Business Performance

Business performance comes from delivering on five key elements both separately and as a whole. No one can be taken in isolation. The responsibility for making all the moving parts synch up lies with executive leadership at the top and management as a whole. For businesses to do well in this crisis management must step up to these responsibilities on several dimensions and balance them out. Our favorite guru of gurus puts it much better of course. That would be our boy Mr. Drucker:

"A manager's job should be based on a task that has to be done - one that makes a visible and, if possible, measurable contribution to the success of enterprise.
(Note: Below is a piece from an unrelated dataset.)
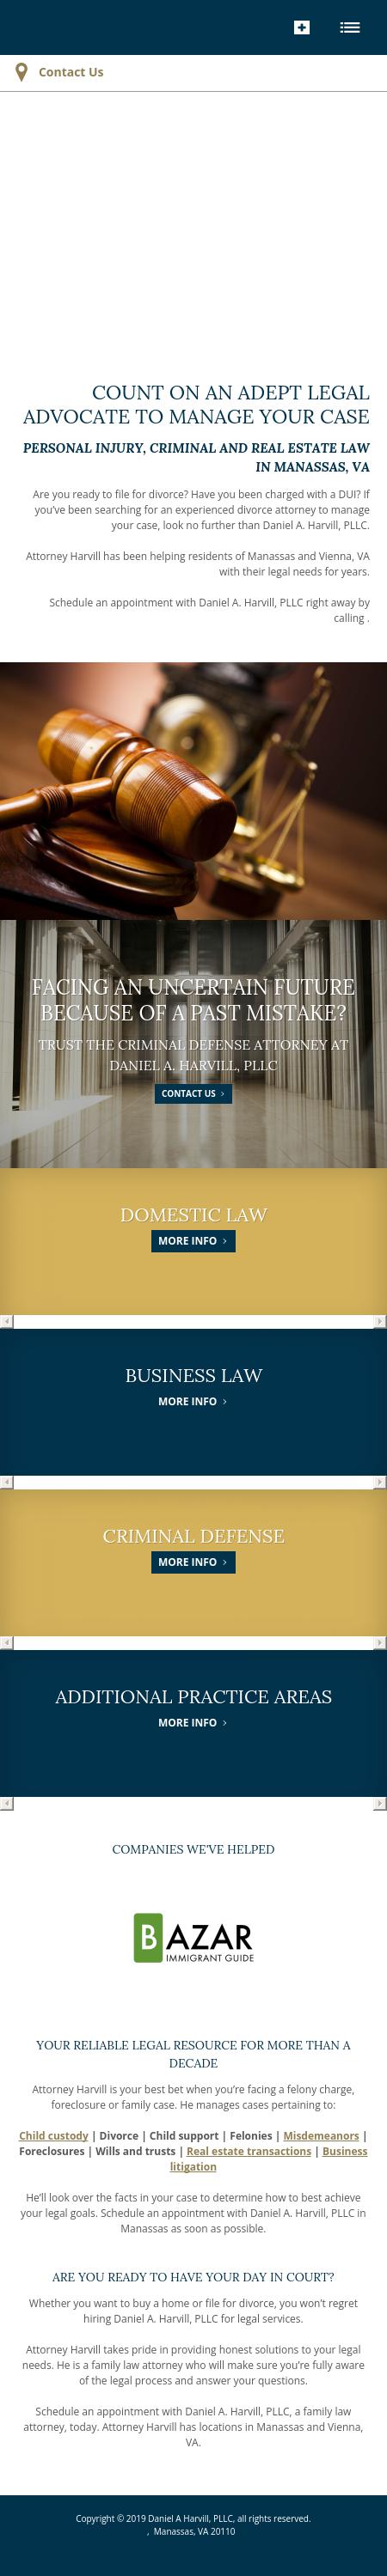 Daniel A. Harvill, PLLC - Manassas VA Lawyers

A manager's job exists because the task facing the enterprise demands it's existence - and for not other reason."

"A manager has two specific tasks. The first is creation of a true whole that is larger than the sum of the its parts, a productive entity that turns out more than the sum of the resources put into it. The manager must simultaneously ask two double-barreled questions: What better business performance is needed and what does this require of what activities ? And: what better performance are activities capable of and what improvement in the business results will they make possible ?"

"The second major specific task of the manager is to harmonize in every decision and action the requirements of the immediate and long-range future. He cannot sacrifice either without endangering the enterprise".

The Social Consequences

As the recent Tax Tea Parties show there is an enormous amount of public anger at the failures of management leadership to serve either the interests of their companies, of their stakeholders, including employees, business partners and investors, and of society as a whole. A few years ago Jared Diamon published an interesting follow-up book to his earlier "Guns, Germs and Steel" that asked what enabled societies to survive, adapt and prosper or fail...he titled it "Collapse". In this recent PBS interview he boils it down...the biggest cause of failure is the failure of leadership to act for more than their own narrow self-interest. In some circles they call that a failure of fiduciary responsibility.

As Wuzu said to Fojian in "Zen Lessons: the Art of Leadership" :

"As a leader it is essential to be generous with the community while being frugal with oneself. As for the rest, the petty matters, do not be concerned with them.

When you give people tasks, probe them deeply to see if they are sincere. When you choose your words, take the most serious. Leaders are naturally honored when their words are taken seriously; the community is naturally impressed when people are chosen for their sincerity.

When you are honorable, the community obeys even if you are not stern; when the community is impressed, things get done even if no orders are given. The wise and the stupid each naturally convey their minds, small and great each exert their effort.

This is more than ten thousand times better than those who hold on by authoritarian power and those who cannot help following them, oppressed by compulsion"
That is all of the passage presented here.